Fecha: 14 de noviembre de 2021

En la vida todos tenemos esperanzas. Sin ellas no podríamos vivir porque nos orientan hacia el futuro. El deseo de que se cumplan nos motiva y cuando las vemos realizadas nuestro corazón se llena de alegría. Una auténtica esperanza nunca es una actitud pasiva: va acompañada del deseo de que se realice lo que esperamos y del compromiso para conseguirlo. Cuando los objetivos de la humanidad son nobles y justos el deseo de verlos realizados puede cambiar el mundo y sembrar vida nueva: cuando dos personas tienen en común una esperanza, ya estamos en el primer paso para su realización.

Sin embargo, todos tenemos la experiencia de que algunas no se han cumplido; que alguna persona nos ha decepcionado; que algún deseo cumplido no nos llena como habíamos imaginado; que alguna esperanza realizada se ha desvanecido pronto; o que en un momento de plenitud de repente se han presentado circunstancias inesperadas que han ensombrecido la alegría. Las esperanzas nos dan ilusión y fuerza para vivir, pero son inciertas, a menudo efímeras, y nunca nos satisfacen plenamente. Y cuando conseguimos algo que nos llena, vivimos con el temor de perderlo, ya que la muerte se nos presenta como el horizonte último de la existencia terrena. La gran pregunta que esclarece el sentido de la vida humana es esta: ¿Podemos esperar una plenitud en la que no tengamos ningún temor y una vida que sea simplemente “vida”?

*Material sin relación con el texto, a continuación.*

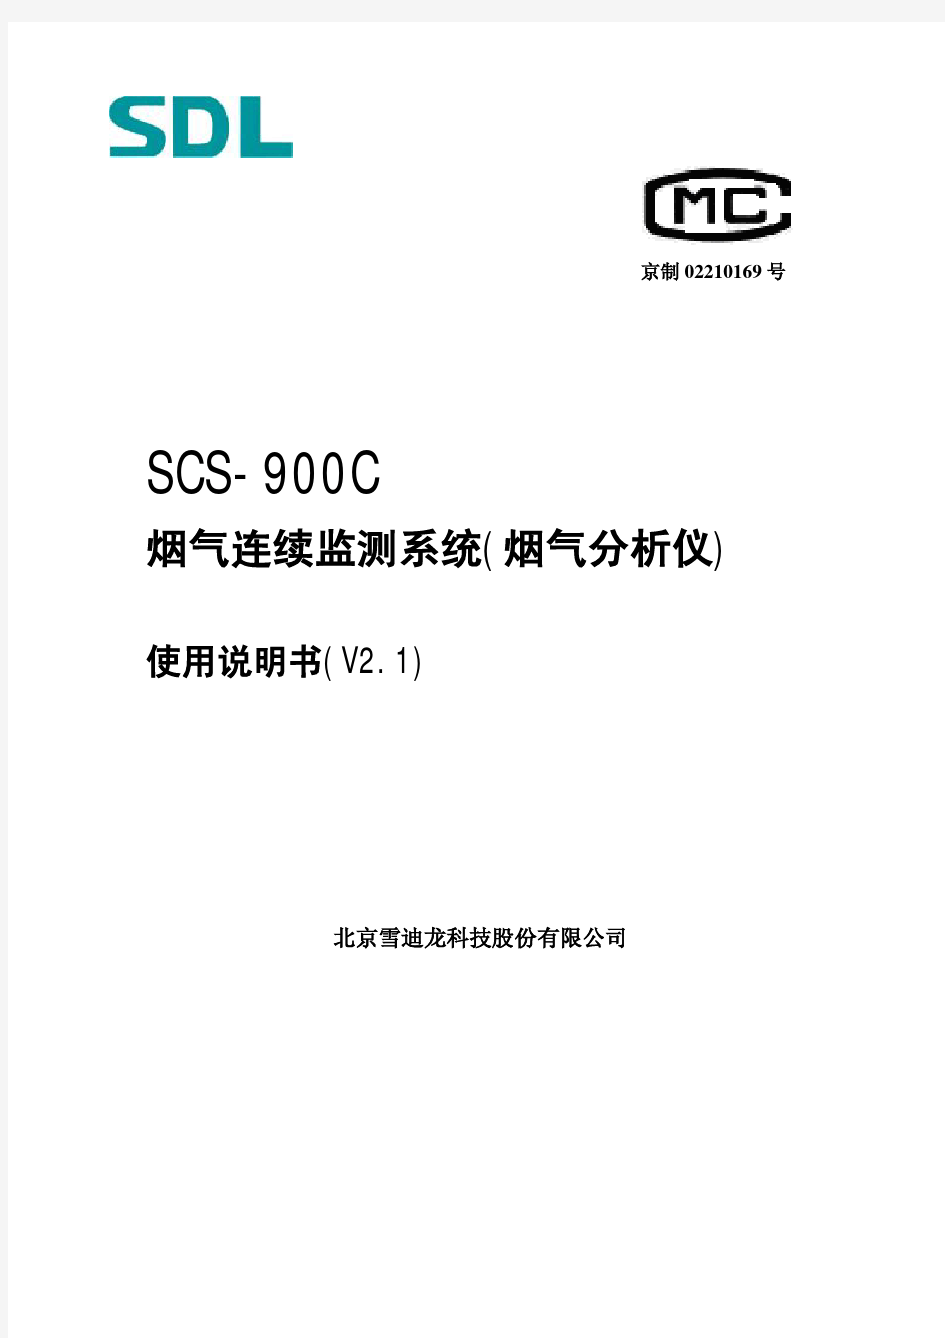 SCS900C烟气连续监测系统使用说明书V2.1.pdf

Durante los primeros días del mes de noviembre hemos recordado de una manera especial a nuestros hermanos difuntos, y las lecturas de estos últimos domingos del año litúrgico nos orientan también hacia el futuro de Dios. Para que este recuerdo sea auténticamente cristiano debe estar impregnado de esperanza. En el Credo, la virtud de la esperanza se menciona en el último artículo: “espero la resurrección de la carne y la vida eterna. Amén”. Esta afirmación indica la meta de toda la obra creadora de Dios; de la acción salvadora de Cristo realizada en su Encarnación, Muerte y Resurrección, y que culminará en su segunda venida; y de la actuación invisible del Espíritu Santo en la Iglesia y en los sacramentos en el momento presente. Si nos preguntamos por qué se ha comprometido tanto Dios con la humanidad, solo encontramos una respuesta: porque quiere conducirnos a Él, porque quiere darnos la auténtica vida. La vida eterna es la meta de la Esperanza cristiana. En ella se realizará el mundo nuevo que todos deseamos y todo lo que anhelamos.

Los cristianos no queremos vivir esto como si se tratara de una escapatoria o un consuelo ante las dificultades. Esperamos porque en Cristo, el amigo de los pobres y los pequeños, que ha compartido nuestros dolores y sufrimientos y nos ha abierto las puertas del Reino, hemos conocido el amor de Dios y hemos creído en Él. Tenemos la certeza de que estamos salvados en esperanza.

Si esta es la meta que Dios quiere para nosotros y a la que nos encaminamos, ha de ser también el objeto de nuestros deseos más profundos: aquello que de verdad queremos para los hermanos difuntos. Es la razón por la que oramos por ellos. Y también lo que anhelamos para nosotros, por ello intentamos agradar a Dios en todo momento, para presentarnos un día ante Él.